Provided material –
☆ ☆ ☆ ☆ ☆ ☆ ☆
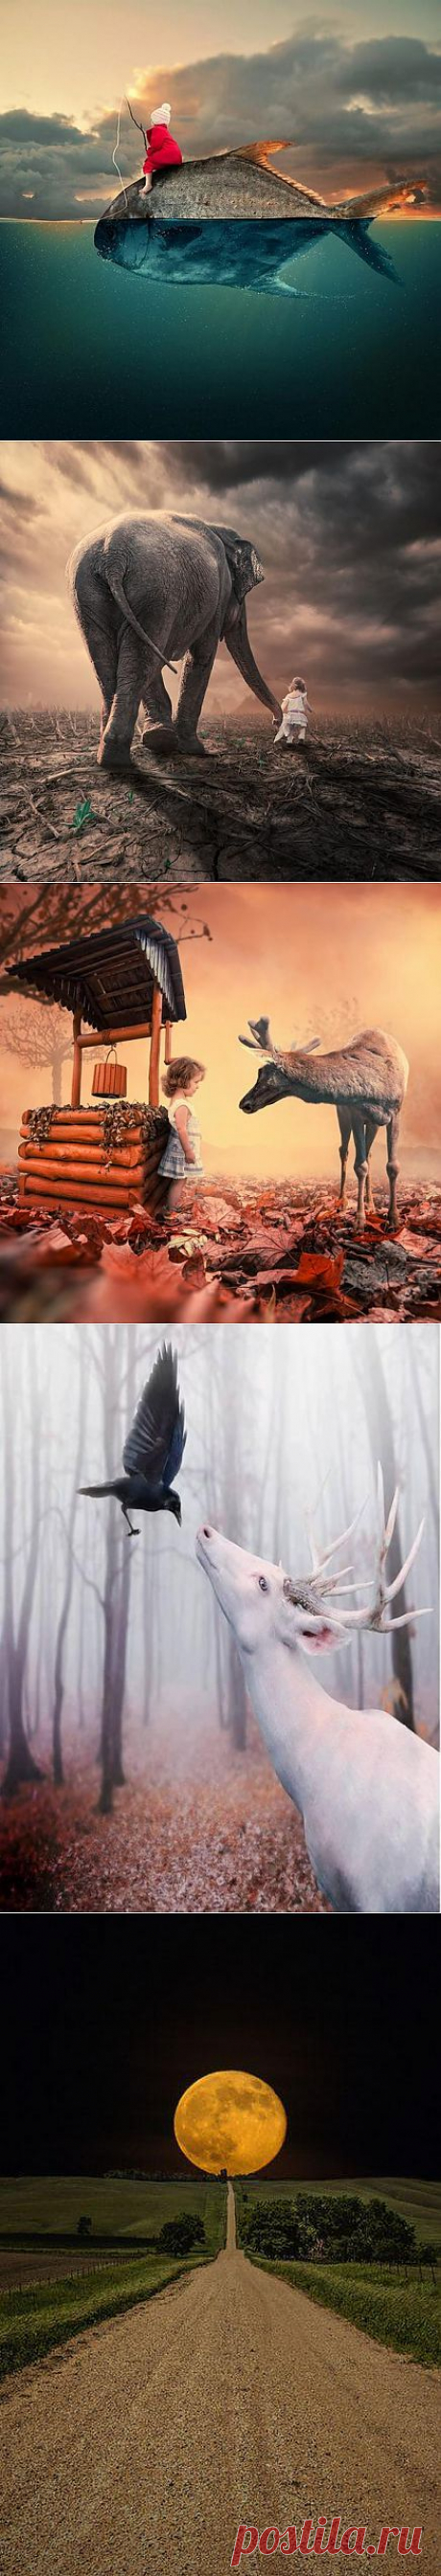 Работы румынского фотохудожника Караша Йонуца. Он создает великолепные сюрреалистичные фотокартины, соединяя абсолютно неожиданные элементы.
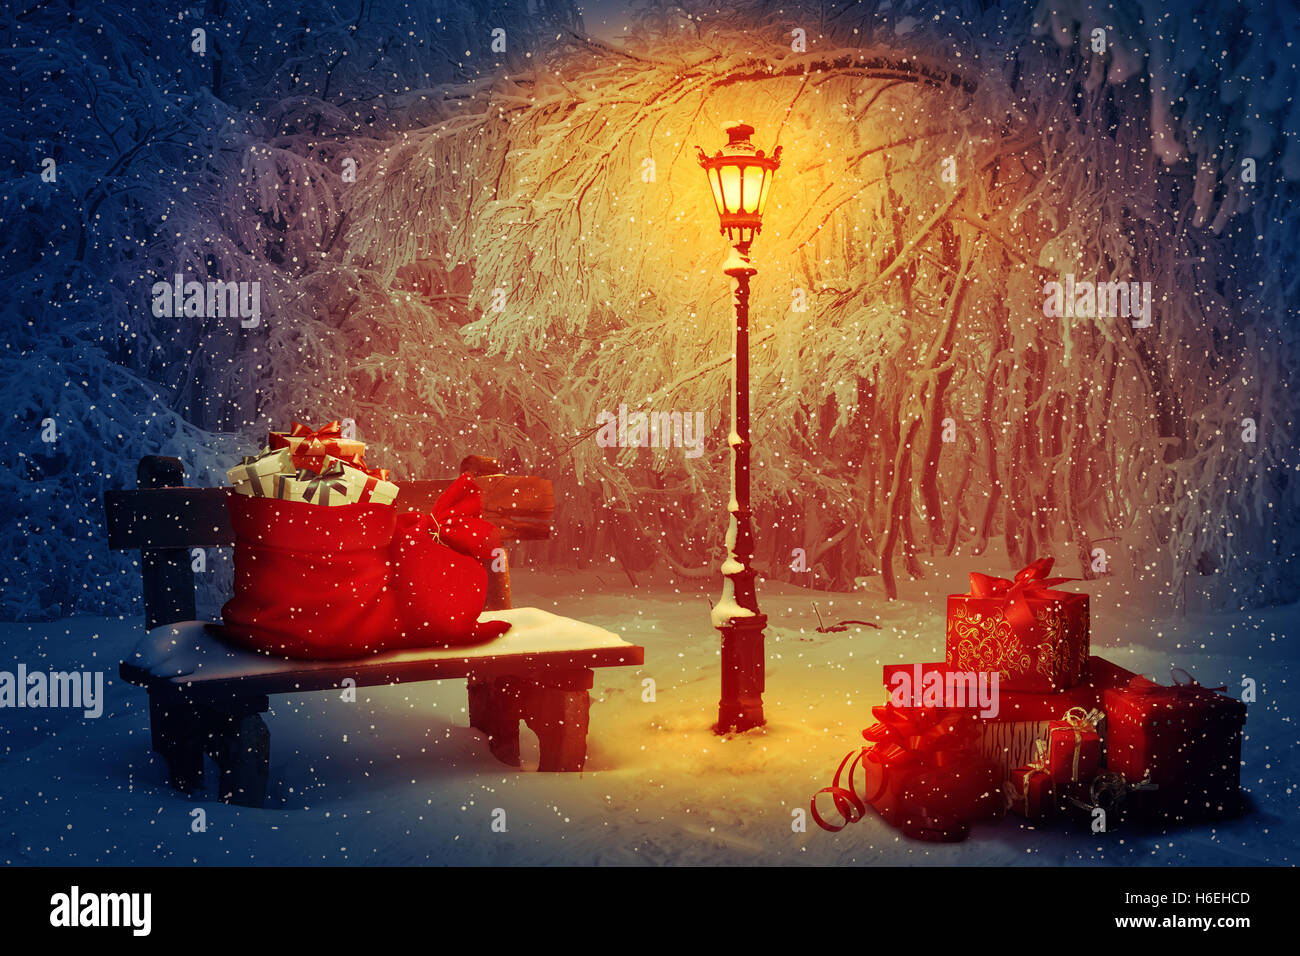 Beaucoup de cadeaux avec le Père Noël sacs dans le parc. Banc en bois et une lampe qui brille dans la nuit. Scène de Noël paisible et w Banque D'Images
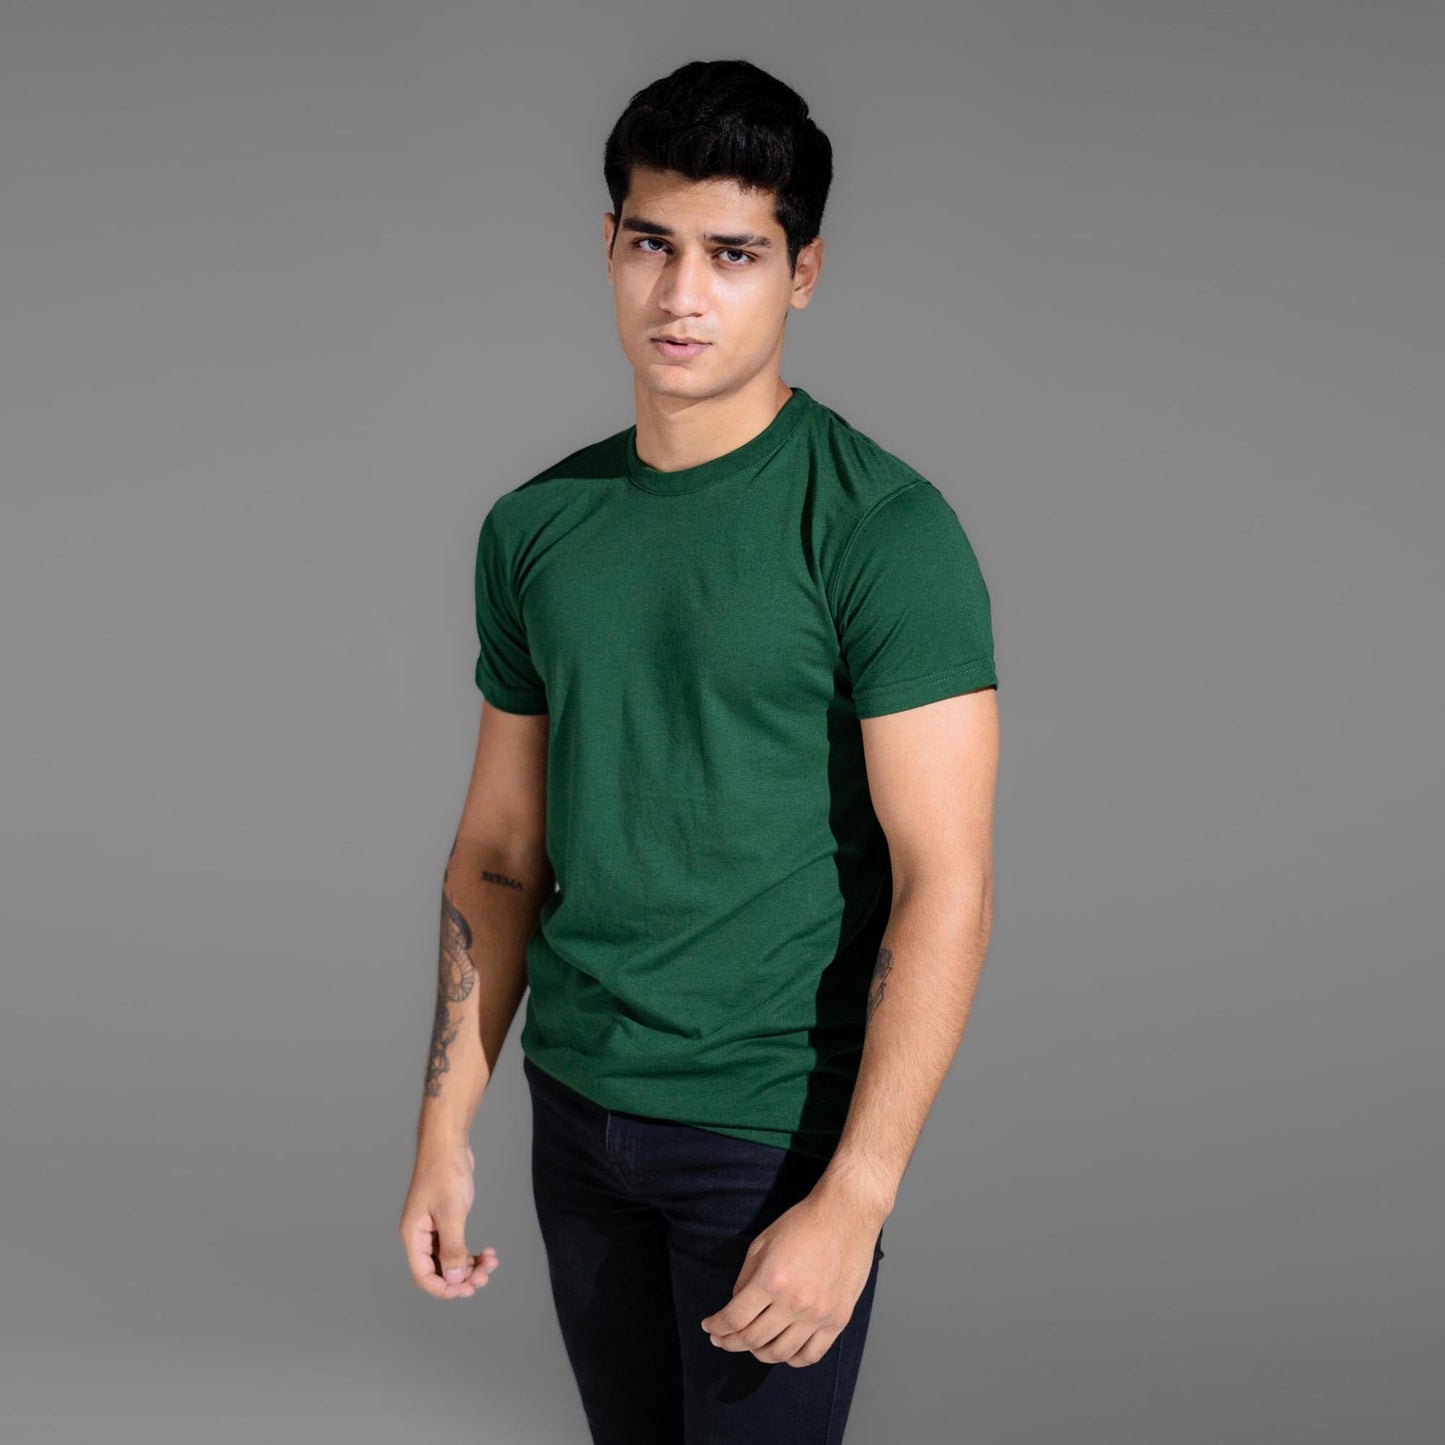 Polo Republica Men's Essentials Combed Cotton Short Sleeve Tee Shirt Men's Tee Shirt Polo Republica Bottle Green S
☆ ☆ ☆ ☆ ☆ ☆ ☆
Problem details – Any picture in the listing above gets left out; output the rest exactly.

Response –
 Работы румынского фотохудожника Караша Йонуца. Он создает великолепные сюрреалистичные фотокартины, соединяя абсолютно неожиданные элементы.
 Beaucoup de cadeaux avec le Père Noël sacs dans le parc. Banc en bois et une lampe qui brille dans la nuit. Scène de Noël paisible et w Banque D'Images
 Polo Republica Men's Essentials Combed Cotton Short Sleeve Tee Shirt Men's Tee Shirt Polo Republica Bottle Green S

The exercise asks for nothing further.